Extracted data entries
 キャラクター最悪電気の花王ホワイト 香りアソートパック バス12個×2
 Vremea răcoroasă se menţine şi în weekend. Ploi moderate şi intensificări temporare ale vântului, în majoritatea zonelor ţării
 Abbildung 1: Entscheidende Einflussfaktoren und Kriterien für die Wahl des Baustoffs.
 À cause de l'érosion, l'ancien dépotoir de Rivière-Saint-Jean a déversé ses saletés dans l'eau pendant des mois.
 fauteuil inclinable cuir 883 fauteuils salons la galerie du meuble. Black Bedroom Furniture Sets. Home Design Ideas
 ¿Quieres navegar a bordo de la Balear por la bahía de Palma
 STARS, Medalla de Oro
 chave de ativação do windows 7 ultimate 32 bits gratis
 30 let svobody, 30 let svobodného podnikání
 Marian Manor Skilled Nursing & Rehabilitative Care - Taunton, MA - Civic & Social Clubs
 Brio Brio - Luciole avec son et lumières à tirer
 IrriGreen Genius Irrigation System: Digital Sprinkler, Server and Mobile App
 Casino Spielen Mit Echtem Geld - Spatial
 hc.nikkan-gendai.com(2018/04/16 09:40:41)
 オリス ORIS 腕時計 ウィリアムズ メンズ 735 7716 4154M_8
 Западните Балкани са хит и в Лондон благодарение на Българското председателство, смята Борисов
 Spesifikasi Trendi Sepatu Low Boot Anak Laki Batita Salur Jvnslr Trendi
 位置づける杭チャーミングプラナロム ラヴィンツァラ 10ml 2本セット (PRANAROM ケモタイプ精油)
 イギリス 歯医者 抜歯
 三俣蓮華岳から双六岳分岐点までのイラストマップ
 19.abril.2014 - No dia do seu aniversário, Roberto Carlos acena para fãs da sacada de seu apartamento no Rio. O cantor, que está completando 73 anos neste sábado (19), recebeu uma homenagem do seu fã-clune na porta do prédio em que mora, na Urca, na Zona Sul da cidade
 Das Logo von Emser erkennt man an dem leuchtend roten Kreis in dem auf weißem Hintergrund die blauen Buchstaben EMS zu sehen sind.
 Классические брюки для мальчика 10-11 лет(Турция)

- **Work item**
Using the data above, print exactly the lines from the line that contains "Abbildung 1: Entscheidende" through the line that contains "三俣蓮華岳から双六岳分岐点までのイラストマップ", with both included.

- **Task solution**
 Abbildung 1: Entscheidende Einflussfaktoren und Kriterien für die Wahl des Baustoffs.
 À cause de l'érosion, l'ancien dépotoir de Rivière-Saint-Jean a déversé ses saletés dans l'eau pendant des mois.
 fauteuil inclinable cuir 883 fauteuils salons la galerie du meuble. Black Bedroom Furniture Sets. Home Design Ideas
 ¿Quieres navegar a bordo de la Balear por la bahía de Palma
 STARS, Medalla de Oro
 chave de ativação do windows 7 ultimate 32 bits gratis
 30 let svobody, 30 let svobodného podnikání
 Marian Manor Skilled Nursing & Rehabilitative Care - Taunton, MA - Civic & Social Clubs
 Brio Brio - Luciole avec son et lumières à tirer
 IrriGreen Genius Irrigation System: Digital Sprinkler, Server and Mobile App
 Casino Spielen Mit Echtem Geld - Spatial
 hc.nikkan-gendai.com(2018/04/16 09:40:41)
 オリス ORIS 腕時計 ウィリアムズ メンズ 735 7716 4154M_8
 Западните Балкани са хит и в Лондон благодарение на Българското председателство, смята Борисов
 Spesifikasi Trendi Sepatu Low Boot Anak Laki Batita Salur Jvnslr Trendi
 位置づける杭チャーミングプラナロム ラヴィンツァラ 10ml 2本セット (PRANAROM ケモタイプ精油)
 イギリス 歯医者 抜歯
 三俣蓮華岳から双六岳分岐点までのイラストマップ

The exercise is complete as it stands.